-------- Data extracts --------
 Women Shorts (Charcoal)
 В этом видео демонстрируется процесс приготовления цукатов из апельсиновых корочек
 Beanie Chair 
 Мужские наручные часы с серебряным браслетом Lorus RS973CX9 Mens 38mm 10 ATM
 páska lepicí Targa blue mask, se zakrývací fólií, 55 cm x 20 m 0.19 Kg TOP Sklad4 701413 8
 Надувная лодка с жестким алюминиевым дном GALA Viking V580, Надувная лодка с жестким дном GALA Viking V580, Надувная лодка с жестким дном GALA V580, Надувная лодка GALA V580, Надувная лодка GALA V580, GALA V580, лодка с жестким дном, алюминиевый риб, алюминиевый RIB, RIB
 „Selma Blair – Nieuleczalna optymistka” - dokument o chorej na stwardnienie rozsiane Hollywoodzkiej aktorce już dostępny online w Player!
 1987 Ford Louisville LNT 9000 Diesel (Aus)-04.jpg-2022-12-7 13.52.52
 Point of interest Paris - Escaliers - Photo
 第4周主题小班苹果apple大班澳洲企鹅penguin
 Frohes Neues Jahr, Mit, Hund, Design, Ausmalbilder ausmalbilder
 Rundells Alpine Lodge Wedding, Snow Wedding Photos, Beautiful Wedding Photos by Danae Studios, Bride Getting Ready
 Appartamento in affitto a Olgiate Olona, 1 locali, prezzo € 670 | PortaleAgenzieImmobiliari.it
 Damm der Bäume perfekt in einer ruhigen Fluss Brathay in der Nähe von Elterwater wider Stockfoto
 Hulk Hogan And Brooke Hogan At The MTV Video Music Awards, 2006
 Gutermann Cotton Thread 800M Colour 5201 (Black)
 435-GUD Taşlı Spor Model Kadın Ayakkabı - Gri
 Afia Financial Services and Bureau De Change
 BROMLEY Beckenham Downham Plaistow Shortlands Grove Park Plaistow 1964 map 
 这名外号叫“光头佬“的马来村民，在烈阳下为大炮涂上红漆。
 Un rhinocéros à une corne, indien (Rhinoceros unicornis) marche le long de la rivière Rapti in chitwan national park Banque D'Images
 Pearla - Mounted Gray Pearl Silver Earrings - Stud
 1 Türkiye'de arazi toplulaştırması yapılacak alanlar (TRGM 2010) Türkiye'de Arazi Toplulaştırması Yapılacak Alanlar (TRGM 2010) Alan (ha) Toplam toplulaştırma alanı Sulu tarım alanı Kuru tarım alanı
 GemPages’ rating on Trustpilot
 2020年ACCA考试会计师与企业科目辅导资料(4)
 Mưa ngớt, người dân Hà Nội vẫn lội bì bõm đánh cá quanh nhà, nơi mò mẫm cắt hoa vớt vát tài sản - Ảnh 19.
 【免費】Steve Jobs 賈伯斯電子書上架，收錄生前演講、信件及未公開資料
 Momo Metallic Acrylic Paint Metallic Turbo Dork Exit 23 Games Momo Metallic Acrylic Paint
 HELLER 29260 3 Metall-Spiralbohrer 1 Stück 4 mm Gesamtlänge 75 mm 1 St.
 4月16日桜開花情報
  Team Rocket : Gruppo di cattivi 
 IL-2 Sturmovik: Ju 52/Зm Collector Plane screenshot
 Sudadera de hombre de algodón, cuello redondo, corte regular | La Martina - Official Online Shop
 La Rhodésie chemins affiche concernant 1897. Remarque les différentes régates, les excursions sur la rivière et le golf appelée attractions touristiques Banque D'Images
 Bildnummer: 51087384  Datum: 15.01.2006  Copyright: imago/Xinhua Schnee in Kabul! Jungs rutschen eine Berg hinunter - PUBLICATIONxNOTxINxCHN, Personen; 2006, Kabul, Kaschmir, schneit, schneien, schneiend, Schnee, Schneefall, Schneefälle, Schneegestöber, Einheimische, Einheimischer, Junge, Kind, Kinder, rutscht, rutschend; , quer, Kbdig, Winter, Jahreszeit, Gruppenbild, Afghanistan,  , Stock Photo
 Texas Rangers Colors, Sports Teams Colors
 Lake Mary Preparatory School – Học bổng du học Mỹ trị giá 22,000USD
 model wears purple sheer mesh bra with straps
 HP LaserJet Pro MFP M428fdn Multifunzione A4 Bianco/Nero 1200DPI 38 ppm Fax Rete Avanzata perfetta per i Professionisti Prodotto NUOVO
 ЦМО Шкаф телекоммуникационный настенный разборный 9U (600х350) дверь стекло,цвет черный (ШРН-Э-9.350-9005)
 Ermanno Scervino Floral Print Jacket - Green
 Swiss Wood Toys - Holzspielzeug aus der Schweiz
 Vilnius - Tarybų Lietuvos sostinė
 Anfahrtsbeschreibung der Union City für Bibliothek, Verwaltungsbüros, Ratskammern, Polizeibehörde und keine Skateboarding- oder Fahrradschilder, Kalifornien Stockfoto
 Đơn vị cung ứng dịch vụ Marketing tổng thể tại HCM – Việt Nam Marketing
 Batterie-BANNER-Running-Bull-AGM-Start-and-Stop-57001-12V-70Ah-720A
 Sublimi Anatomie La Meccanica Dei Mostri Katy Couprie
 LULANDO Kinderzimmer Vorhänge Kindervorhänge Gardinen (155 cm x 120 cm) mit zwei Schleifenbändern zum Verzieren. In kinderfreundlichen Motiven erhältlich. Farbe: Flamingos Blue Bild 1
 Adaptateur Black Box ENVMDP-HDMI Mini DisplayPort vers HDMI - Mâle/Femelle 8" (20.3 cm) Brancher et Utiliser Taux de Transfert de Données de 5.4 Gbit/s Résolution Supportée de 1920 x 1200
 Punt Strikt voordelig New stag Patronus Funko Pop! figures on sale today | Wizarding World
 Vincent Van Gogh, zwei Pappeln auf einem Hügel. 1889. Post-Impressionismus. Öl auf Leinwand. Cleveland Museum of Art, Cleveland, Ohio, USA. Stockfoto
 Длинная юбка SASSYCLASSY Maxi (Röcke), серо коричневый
--------
Write out the material above exactly, leaving out no line.

**Output for this exercise**
 Women Shorts (Charcoal)
 В этом видео демонстрируется процесс приготовления цукатов из апельсиновых корочек
 Beanie Chair 
 Мужские наручные часы с серебряным браслетом Lorus RS973CX9 Mens 38mm 10 ATM
 páska lepicí Targa blue mask, se zakrývací fólií, 55 cm x 20 m 0.19 Kg TOP Sklad4 701413 8
 Надувная лодка с жестким алюминиевым дном GALA Viking V580, Надувная лодка с жестким дном GALA Viking V580, Надувная лодка с жестким дном GALA V580, Надувная лодка GALA V580, Надувная лодка GALA V580, GALA V580, лодка с жестким дном, алюминиевый риб, алюминиевый RIB, RIB
 „Selma Blair – Nieuleczalna optymistka” - dokument o chorej na stwardnienie rozsiane Hollywoodzkiej aktorce już dostępny online w Player!
 1987 Ford Louisville LNT 9000 Diesel (Aus)-04.jpg-2022-12-7 13.52.52
 Point of interest Paris - Escaliers - Photo
 第4周主题小班苹果apple大班澳洲企鹅penguin
 Frohes Neues Jahr, Mit, Hund, Design, Ausmalbilder ausmalbilder
 Rundells Alpine Lodge Wedding, Snow Wedding Photos, Beautiful Wedding Photos by Danae Studios, Bride Getting Ready
 Appartamento in affitto a Olgiate Olona, 1 locali, prezzo € 670 | PortaleAgenzieImmobiliari.it
 Damm der Bäume perfekt in einer ruhigen Fluss Brathay in der Nähe von Elterwater wider Stockfoto
 Hulk Hogan And Brooke Hogan At The MTV Video Music Awards, 2006
 Gutermann Cotton Thread 800M Colour 5201 (Black)
 435-GUD Taşlı Spor Model Kadın Ayakkabı - Gri
 Afia Financial Services and Bureau De Change
 BROMLEY Beckenham Downham Plaistow Shortlands Grove Park Plaistow 1964 map 
 这名外号叫“光头佬“的马来村民，在烈阳下为大炮涂上红漆。
 Un rhinocéros à une corne, indien (Rhinoceros unicornis) marche le long de la rivière Rapti in chitwan national park Banque D'Images
 Pearla - Mounted Gray Pearl Silver Earrings - Stud
 1 Türkiye'de arazi toplulaştırması yapılacak alanlar (TRGM 2010) Türkiye'de Arazi Toplulaştırması Yapılacak Alanlar (TRGM 2010) Alan (ha) Toplam toplulaştırma alanı Sulu tarım alanı Kuru tarım alanı
 GemPages’ rating on Trustpilot
 2020年ACCA考试会计师与企业科目辅导资料(4)
 Mưa ngớt, người dân Hà Nội vẫn lội bì bõm đánh cá quanh nhà, nơi mò mẫm cắt hoa vớt vát tài sản - Ảnh 19.
 【免費】Steve Jobs 賈伯斯電子書上架，收錄生前演講、信件及未公開資料
 Momo Metallic Acrylic Paint Metallic Turbo Dork Exit 23 Games Momo Metallic Acrylic Paint
 HELLER 29260 3 Metall-Spiralbohrer 1 Stück 4 mm Gesamtlänge 75 mm 1 St.
 4月16日桜開花情報
  Team Rocket : Gruppo di cattivi 
 IL-2 Sturmovik: Ju 52/Зm Collector Plane screenshot
 Sudadera de hombre de algodón, cuello redondo, corte regular | La Martina - Official Online Shop
 La Rhodésie chemins affiche concernant 1897. Remarque les différentes régates, les excursions sur la rivière et le golf appelée attractions touristiques Banque D'Images
 Bildnummer: 51087384  Datum: 15.01.2006  Copyright: imago/Xinhua Schnee in Kabul! Jungs rutschen eine Berg hinunter - PUBLICATIONxNOTxINxCHN, Personen; 2006, Kabul, Kaschmir, schneit, schneien, schneiend, Schnee, Schneefall, Schneefälle, Schneegestöber, Einheimische, Einheimischer, Junge, Kind, Kinder, rutscht, rutschend; , quer, Kbdig, Winter, Jahreszeit, Gruppenbild, Afghanistan,  , Stock Photo
 Texas Rangers Colors, Sports Teams Colors
 Lake Mary Preparatory School – Học bổng du học Mỹ trị giá 22,000USD
 model wears purple sheer mesh bra with straps
 HP LaserJet Pro MFP M428fdn Multifunzione A4 Bianco/Nero 1200DPI 38 ppm Fax Rete Avanzata perfetta per i Professionisti Prodotto NUOVO
 ЦМО Шкаф телекоммуникационный настенный разборный 9U (600х350) дверь стекло,цвет черный (ШРН-Э-9.350-9005)
 Ermanno Scervino Floral Print Jacket - Green
 Swiss Wood Toys - Holzspielzeug aus der Schweiz
 Vilnius - Tarybų Lietuvos sostinė
 Anfahrtsbeschreibung der Union City für Bibliothek, Verwaltungsbüros, Ratskammern, Polizeibehörde und keine Skateboarding- oder Fahrradschilder, Kalifornien Stockfoto
 Đơn vị cung ứng dịch vụ Marketing tổng thể tại HCM – Việt Nam Marketing
 Batterie-BANNER-Running-Bull-AGM-Start-and-Stop-57001-12V-70Ah-720A
 Sublimi Anatomie La Meccanica Dei Mostri Katy Couprie
 LULANDO Kinderzimmer Vorhänge Kindervorhänge Gardinen (155 cm x 120 cm) mit zwei Schleifenbändern zum Verzieren. In kinderfreundlichen Motiven erhältlich. Farbe: Flamingos Blue Bild 1
 Adaptateur Black Box ENVMDP-HDMI Mini DisplayPort vers HDMI - Mâle/Femelle 8" (20.3 cm) Brancher et Utiliser Taux de Transfert de Données de 5.4 Gbit/s Résolution Supportée de 1920 x 1200
 Punt Strikt voordelig New stag Patronus Funko Pop! figures on sale today | Wizarding World
 Vincent Van Gogh, zwei Pappeln auf einem Hügel. 1889. Post-Impressionismus. Öl auf Leinwand. Cleveland Museum of Art, Cleveland, Ohio, USA. Stockfoto
 Длинная юбка SASSYCLASSY Maxi (Röcke), серо коричневый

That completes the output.